Пименов отрицательно покачал головой:

– Нет. Не надо, Юрий Михайлович. Они после вас легче завизируют, так они волынить начнут, а время у меня горячее, оно сейчас, как говорится, не ждет.

Пименов шел по прямому ходу: он знал, что Проскуряков собирается на отдых. Он выяснил, что «экономисточка» Ольга уходит в отпуск через неделю после Проскурякова. Пименов бил беспроигрышно; в этом ему помогало то, что они с Проскуряковым были людьми почти одного возраста: одному – пятьдесят семь, другому – шестьдесят два. А в эти годы привязанность – она уже последняя, самая что ни на есть дорогая, единственная. Хочется в этом возрасте почувствовать себя сильным и нестарым, а это только когда молодость рядом – красивая женщина, кто ж еще.

И Проскуряков подписал документ, который он не имел права подписывать.

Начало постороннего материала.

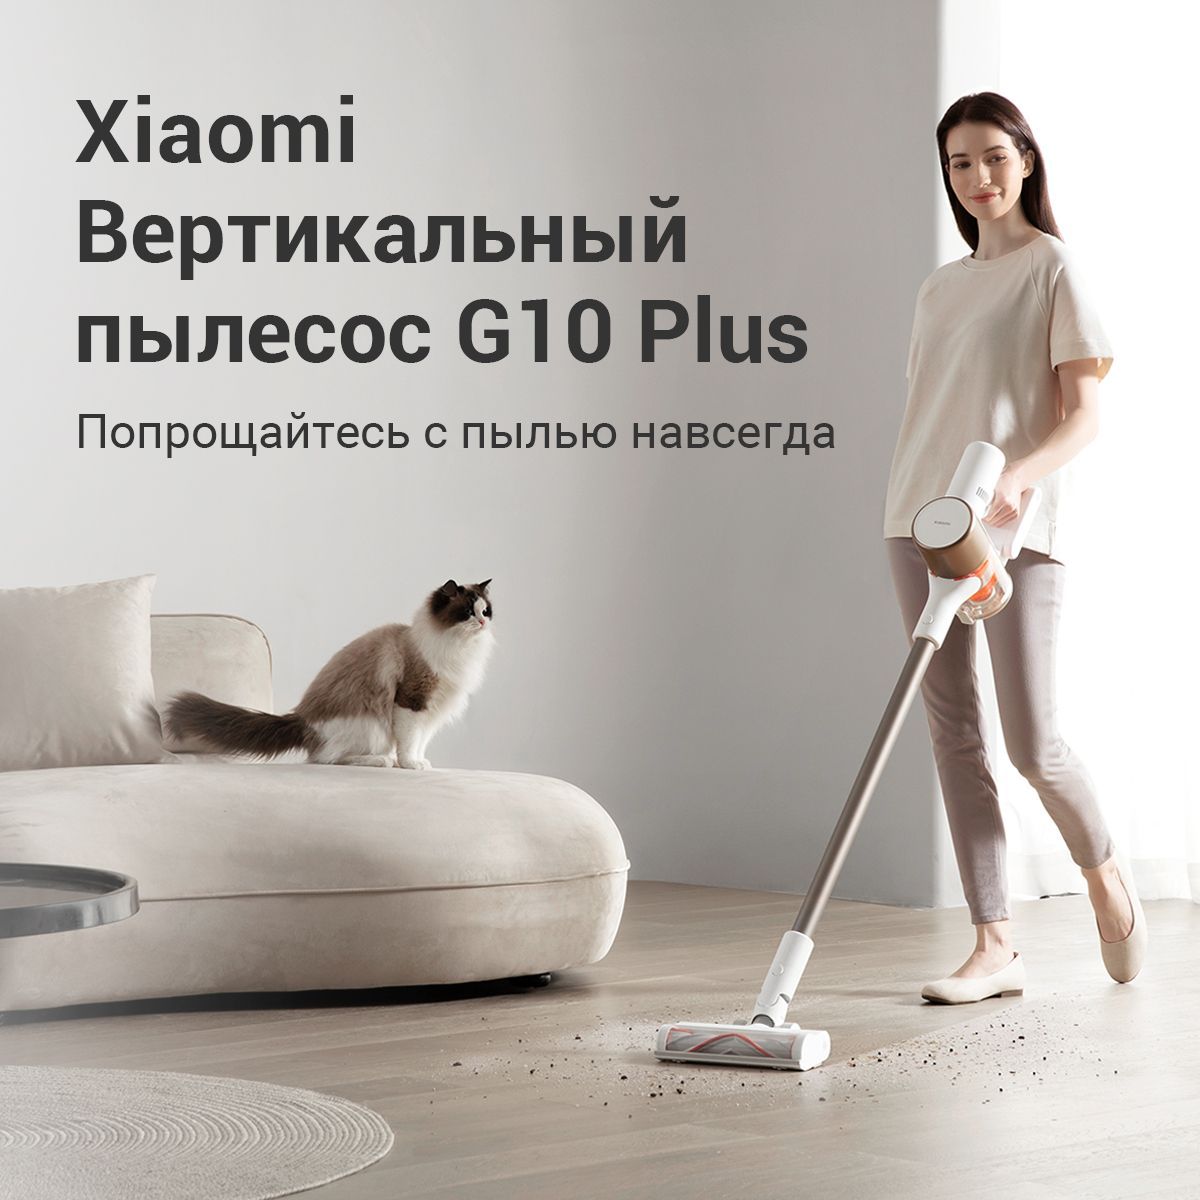 Xiaomi vacuum cleaner g10 plus b207. Сравнение вертикальных пылесосов. Xiaomi Vacuum Cleaner g10 Plus eu b207 купить.

Впрочем, тем же вечером он придумал себе оправдание, хотя впервые за эти годы понял в глубине души, что оправдание-то липовое.

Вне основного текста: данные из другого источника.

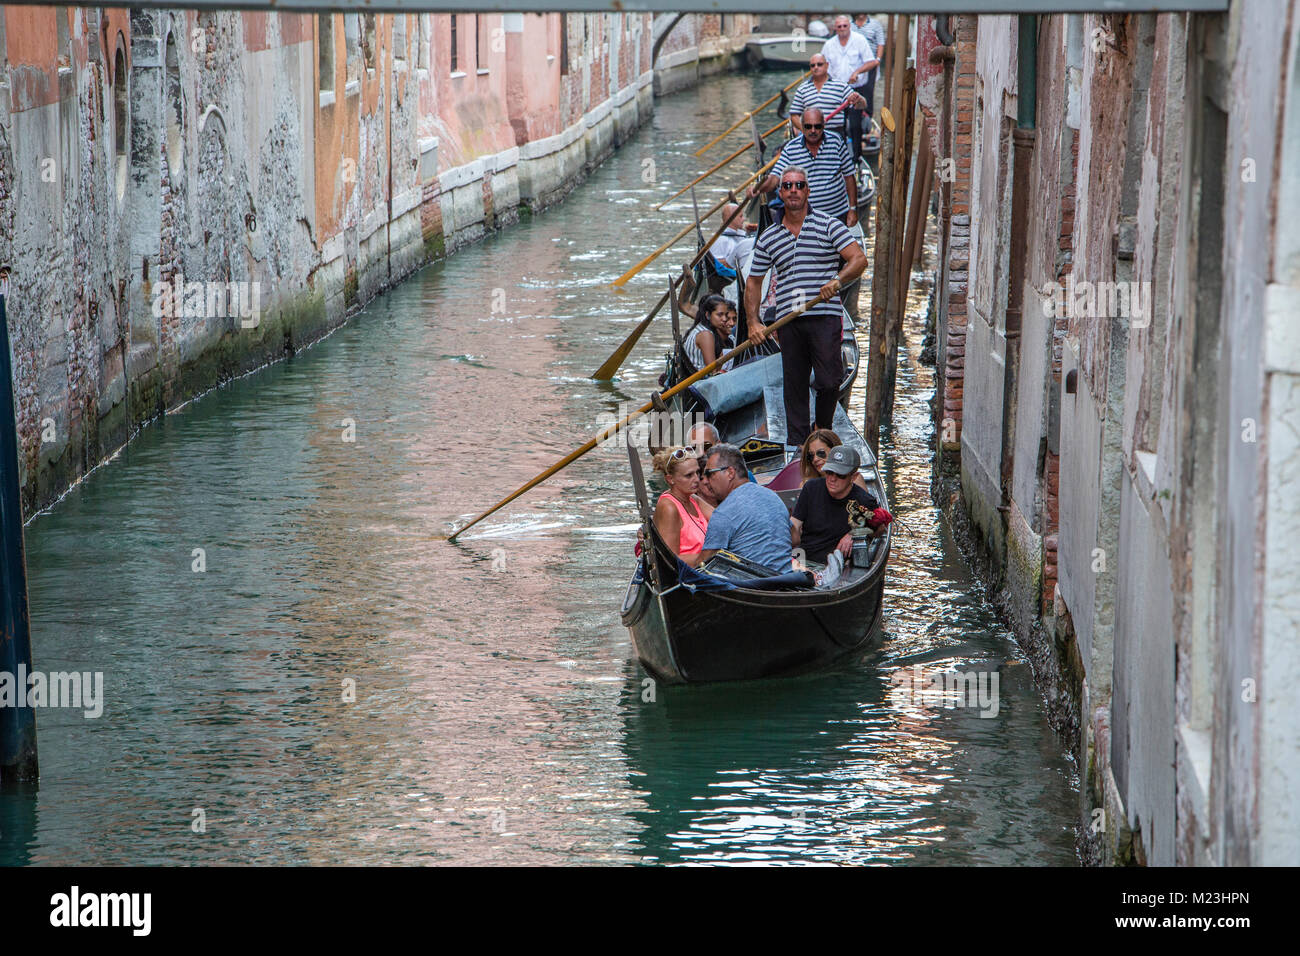 Gondole in canali di Venezia, Italia Foto Stock

Какое-то время он ощущал тяжкое неудобство; оно было похоже на зубную боль – не острую, но постоянную. Однако, уехав на юг, Проскуряков постепенно стал забывать о разговоре с Пименовым, убеждая себя в том, что и на этот раз не случилось ничего непоправимо страшного. Иногда только, чаще всего под вечер, сидя с Ольгой на берегу и задумчиво глядя на зыбкую лунную дорожку, он думал: «В конце концов, будь что будет, только б подольше не было. До пенсии осталось три года, а когда пойдет седьмой десяток, кому я буду нужен? Ей, что ли? Зачем ей старик? Тогда и уйти из игры не страшно».

Однако, вернувшись в главк, Проскуряков неожиданно для самого себя сел и написал большое письмо в министерство. Он писал, что необходимо в самый короткий срок наладить серийный выпуск продукции, представляющей сейчас серьезный дефицит. Он перечислил все те наименования, которыми так интересовался Пименов, и проанализировал возможность в самые короткие сроки, без особых затрат, с отдачей в ближайшие же годы наладить реконструкцию ряда ювелирно-аффинажных фабрик и всех тех заводов и мастерских, которые входили в его систему.

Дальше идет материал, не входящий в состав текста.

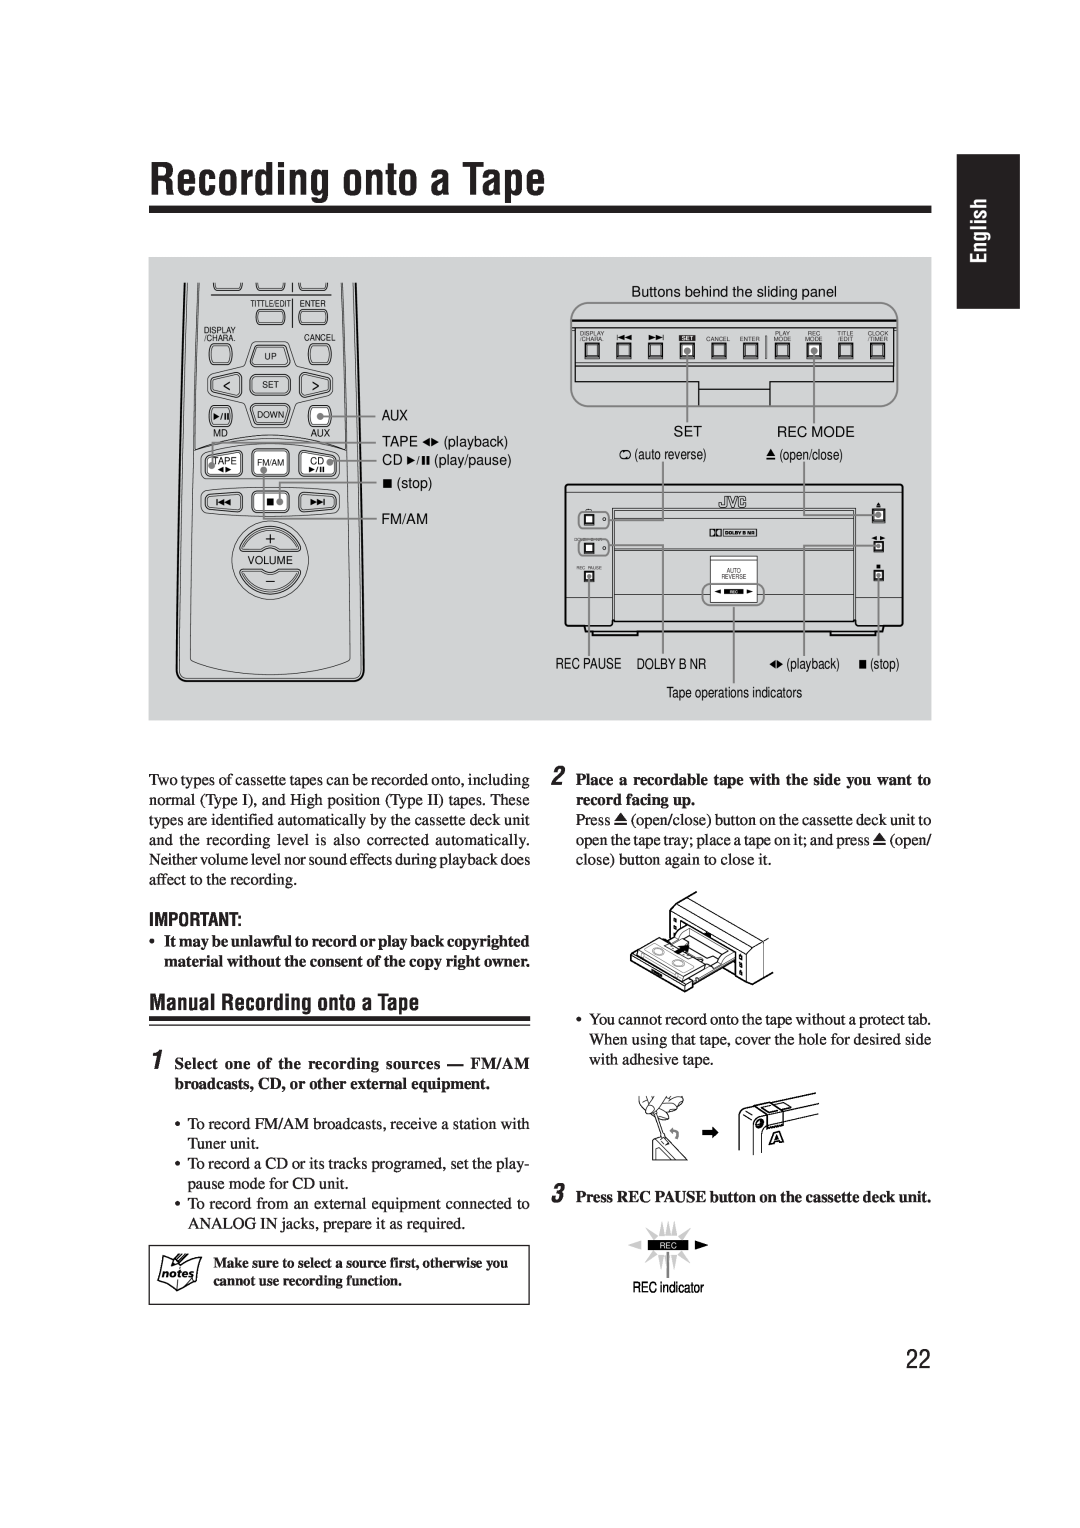 JVC AX-UXG66, TD-UXG66, SP-UXG66, XT-UXG66 manual Manual Recording onto a Tape, English

Назавтра его вызвал заместитель министра. Недавно пришедший из Академии общественных наук, новый заместитель министра был человеком по теперешним временам молодым – ему только-только исполнилось сорок.

– Я прочитал вашу записку. Очень интересно это все. – Заместитель министра вдруг улыбнулся. – Кто сказал, что нет пороха в пороховницах у старой гвардии, а?! Словом, мы решили вашу докладную отправить в Совет министров и Госплан.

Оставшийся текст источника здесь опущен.